| Data provided |
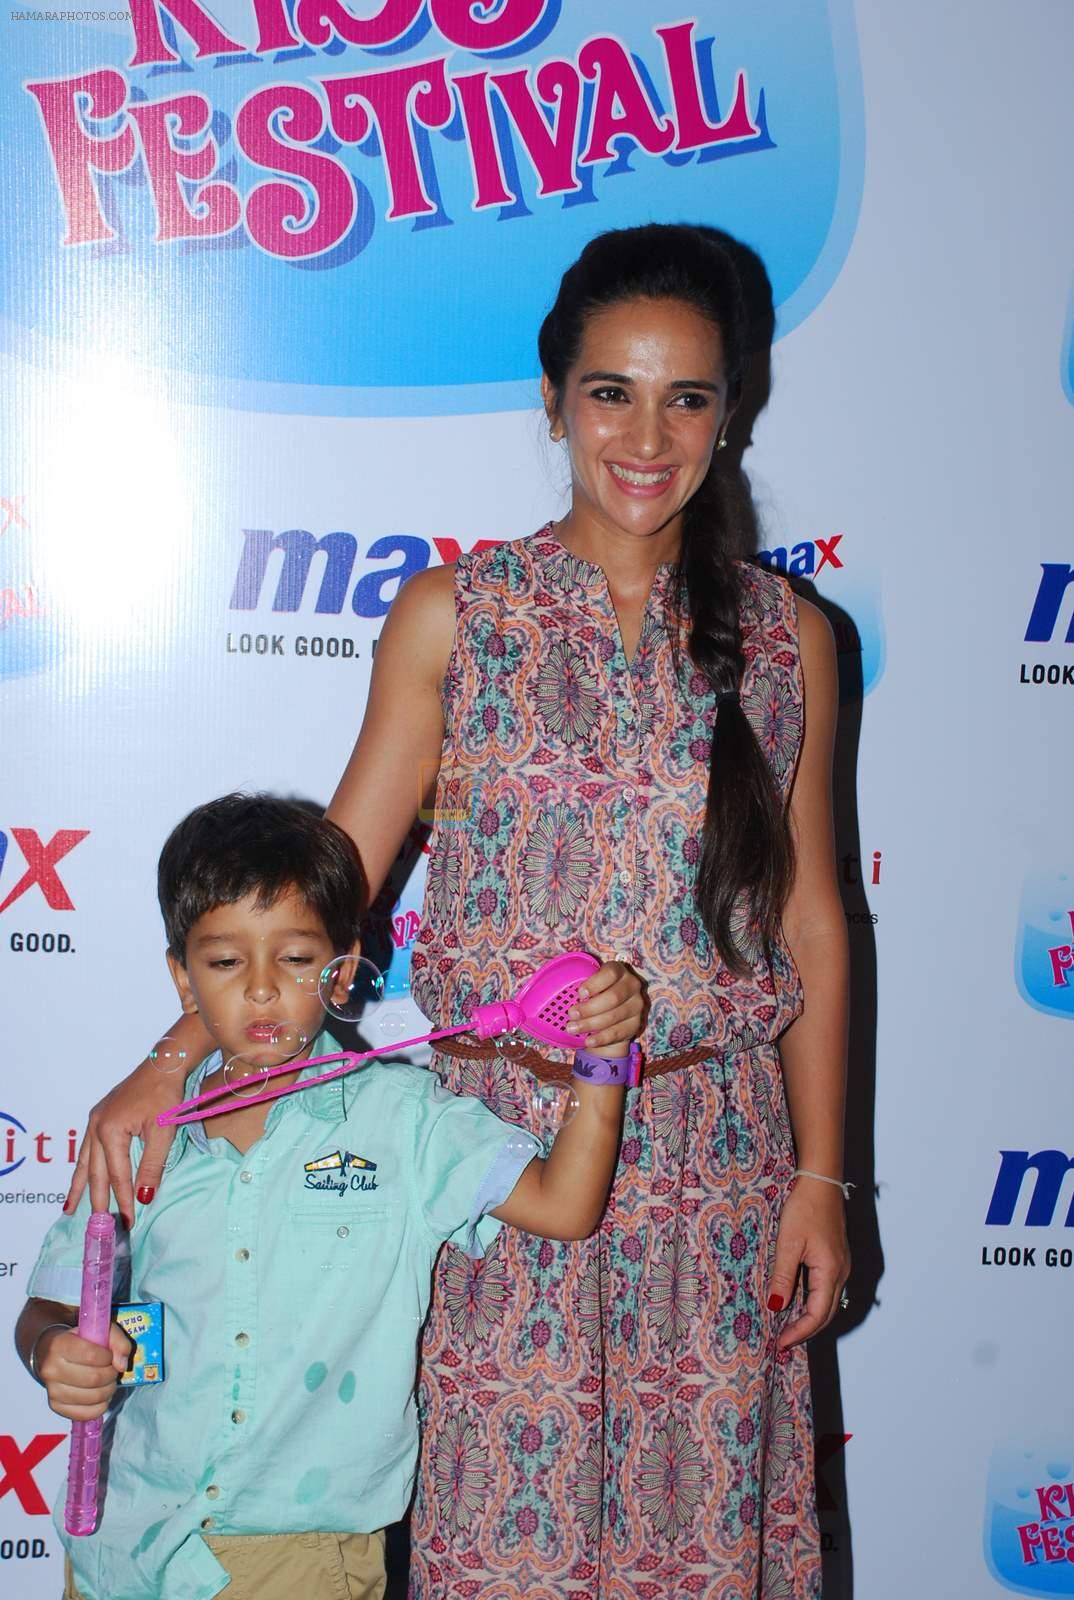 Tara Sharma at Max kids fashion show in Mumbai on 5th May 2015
---
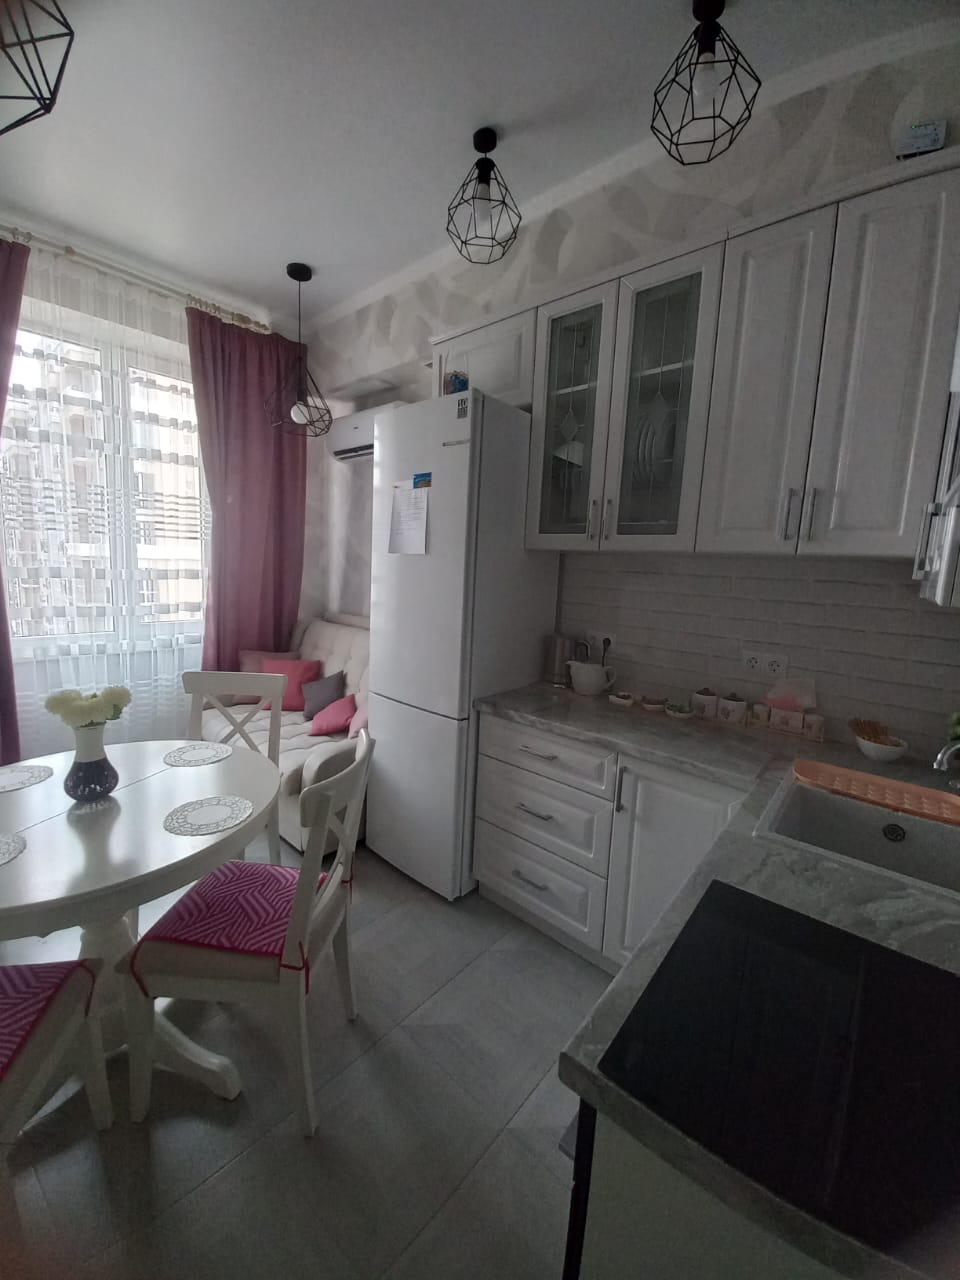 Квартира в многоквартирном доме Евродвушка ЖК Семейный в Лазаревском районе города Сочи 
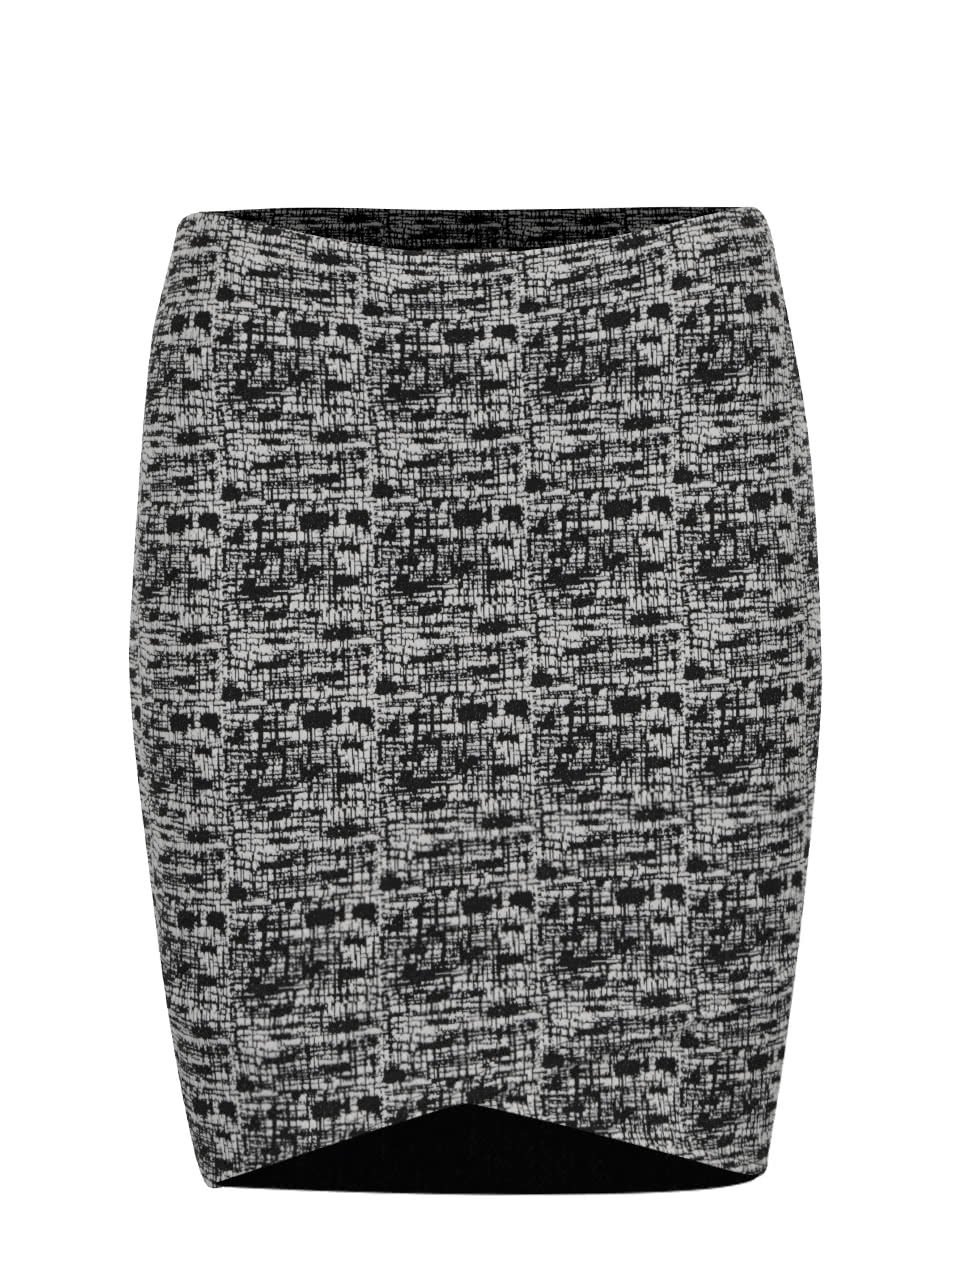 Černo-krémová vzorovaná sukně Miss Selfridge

| Work order |
Given the records above, return the lines starting at the one that holds "Квартира в многоквартирном" and ending at the one that holds "Černo-krémová vzorovaná sukně Miss Selfridge", exactly, and nothing besides; leave every picture out.

| Answer to this exercise |
 Квартира в многоквартирном доме Евродвушка ЖК Семейный в Лазаревском районе города Сочи 
 Černo-krémová vzorovaná sukně Miss Selfridge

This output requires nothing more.